╔══

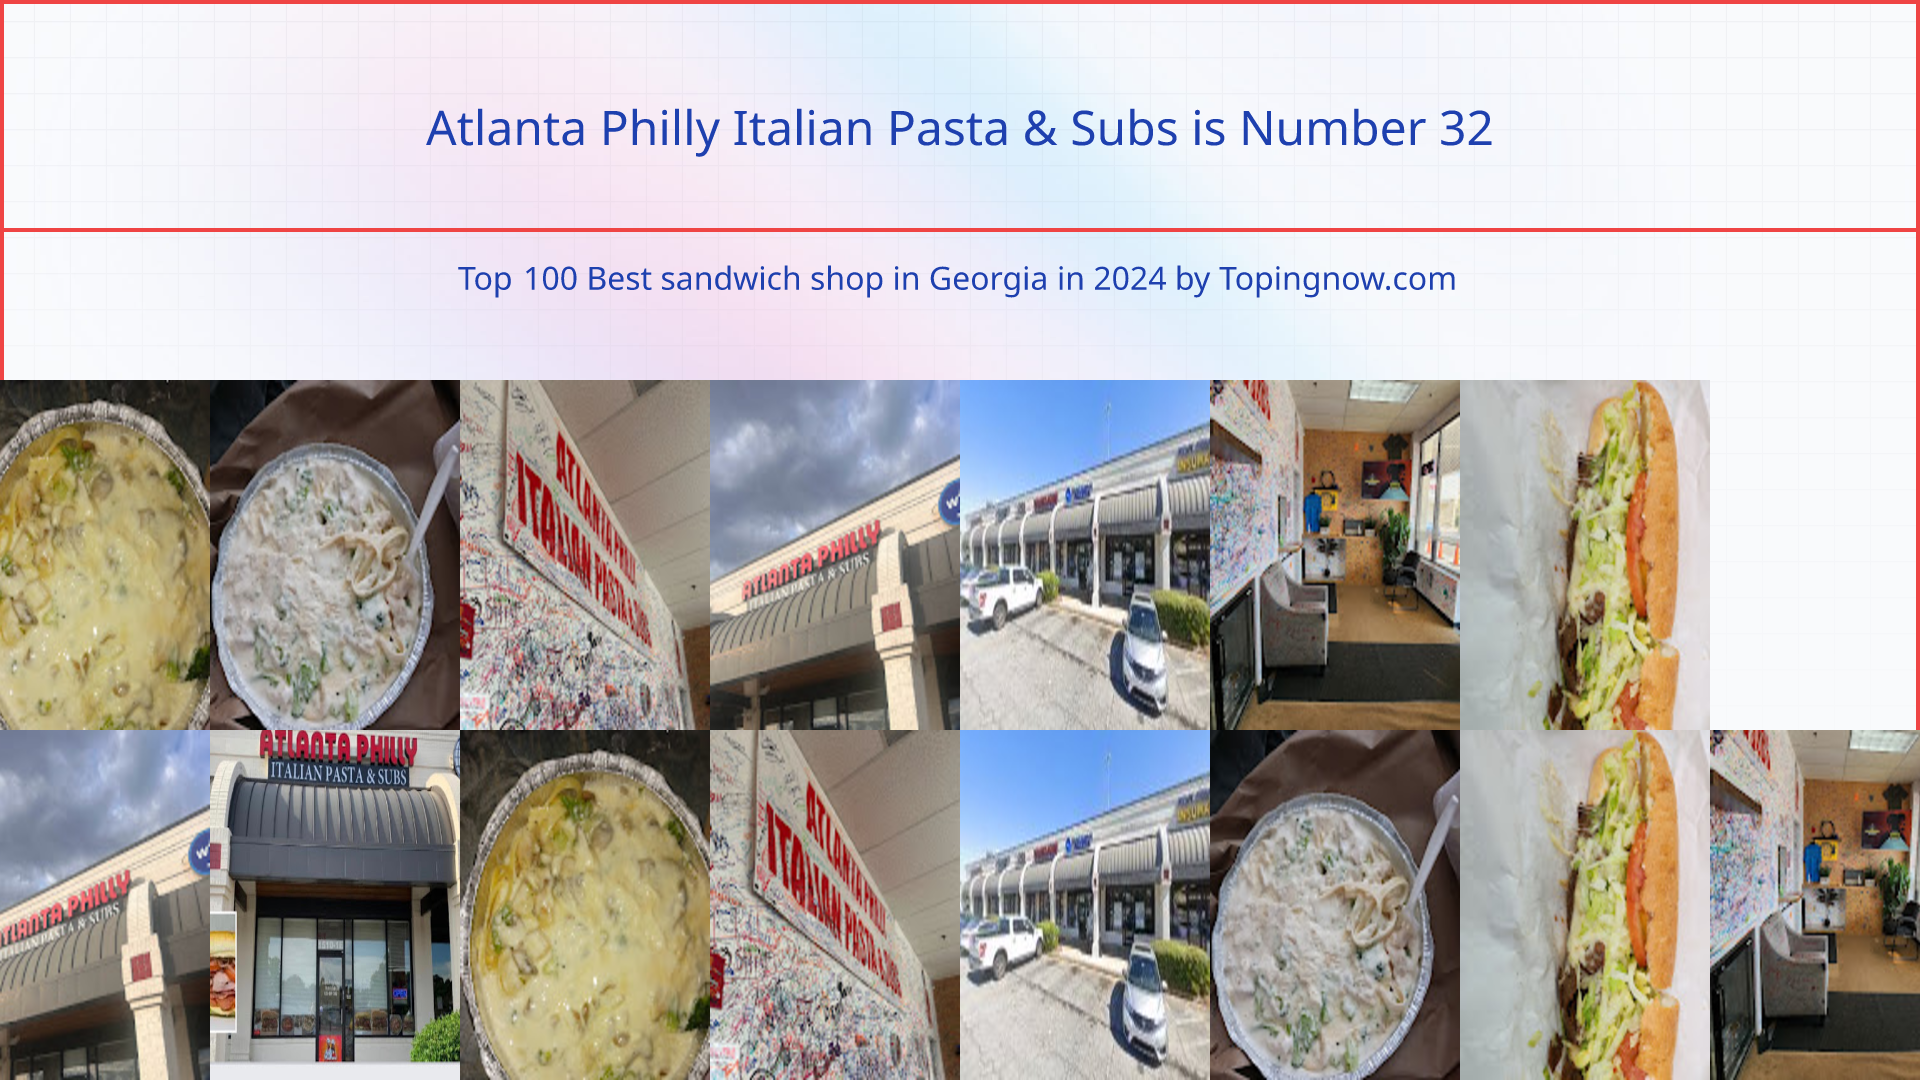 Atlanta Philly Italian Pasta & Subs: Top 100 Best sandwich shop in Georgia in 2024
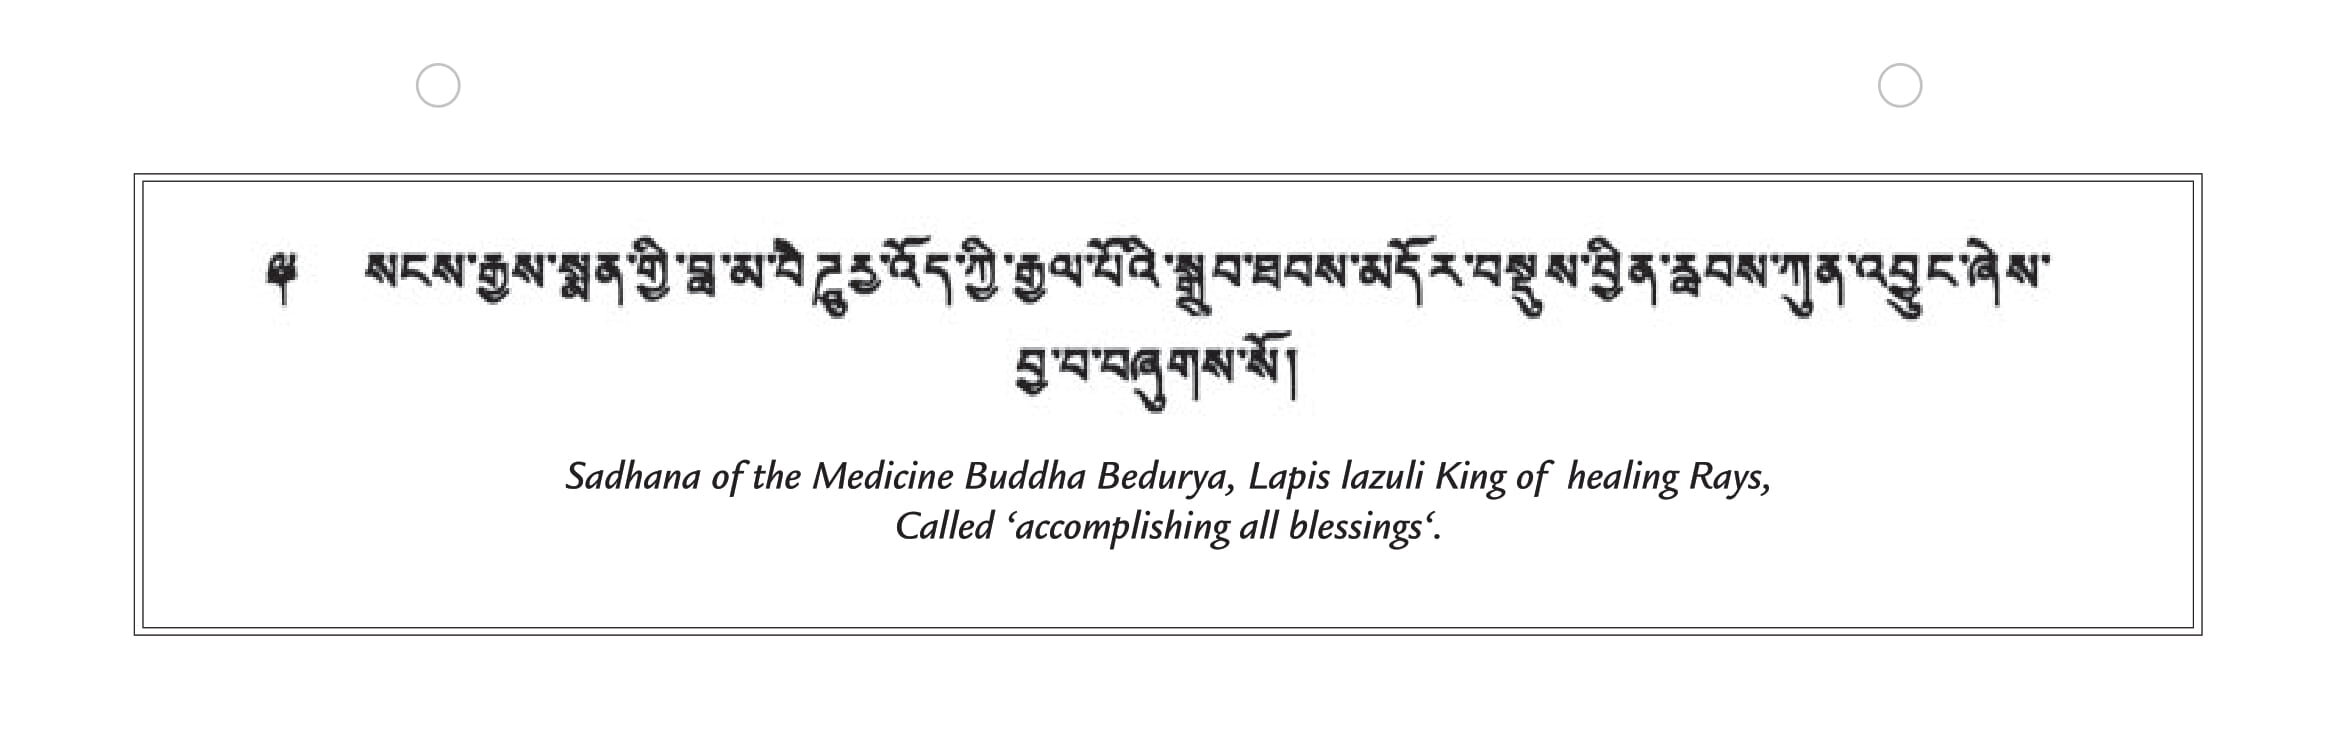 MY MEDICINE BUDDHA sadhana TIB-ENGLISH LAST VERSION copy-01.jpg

╚══
╔══

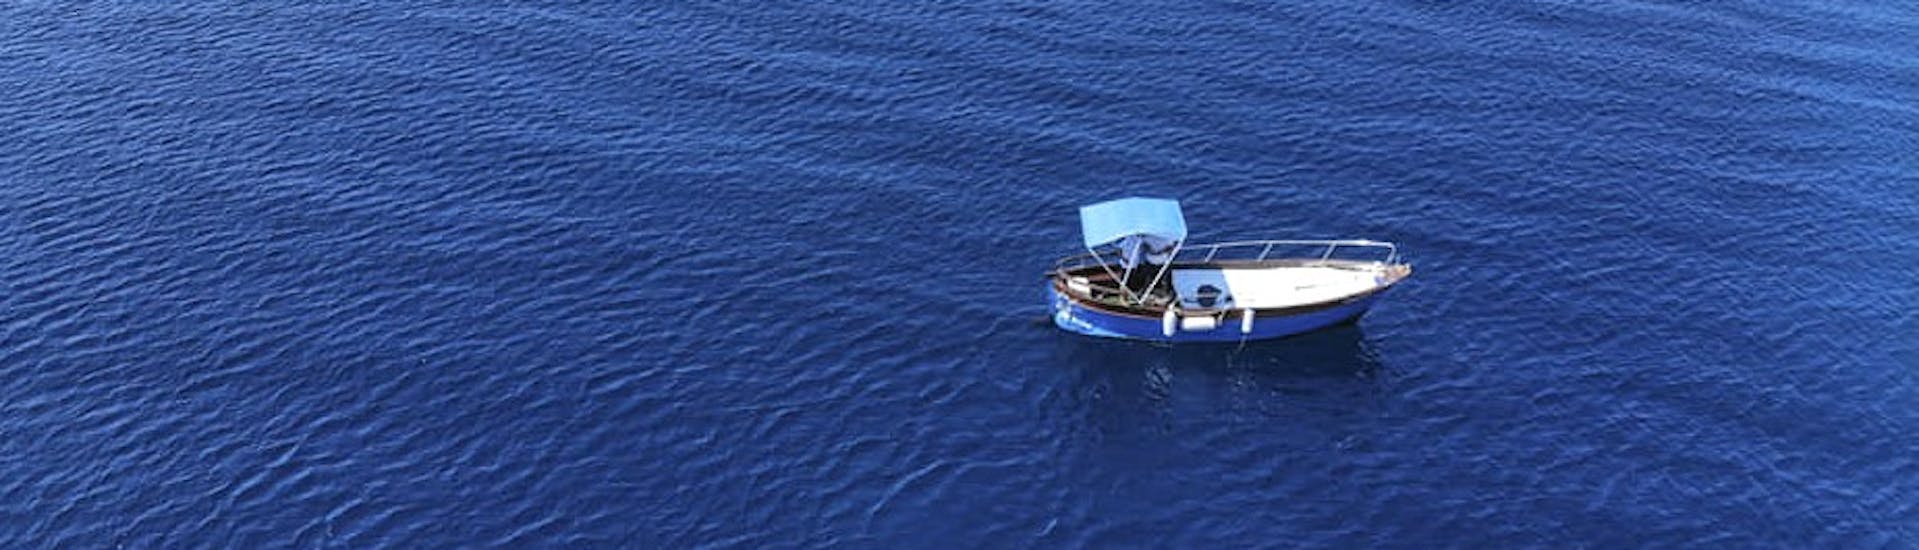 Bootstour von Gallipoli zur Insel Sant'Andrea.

╚══

- _What to do_
Within the listing above, extract exactly the lines that run from the one containing "Atlanta Philly Italian" through the one containing "MY MEDICINE BUDDHA", excluding any pictures.

- _Answer space_
 Atlanta Philly Italian Pasta & Subs: Top 100 Best sandwich shop in Georgia in 2024
 MY MEDICINE BUDDHA sadhana TIB-ENGLISH LAST VERSION copy-01.jpg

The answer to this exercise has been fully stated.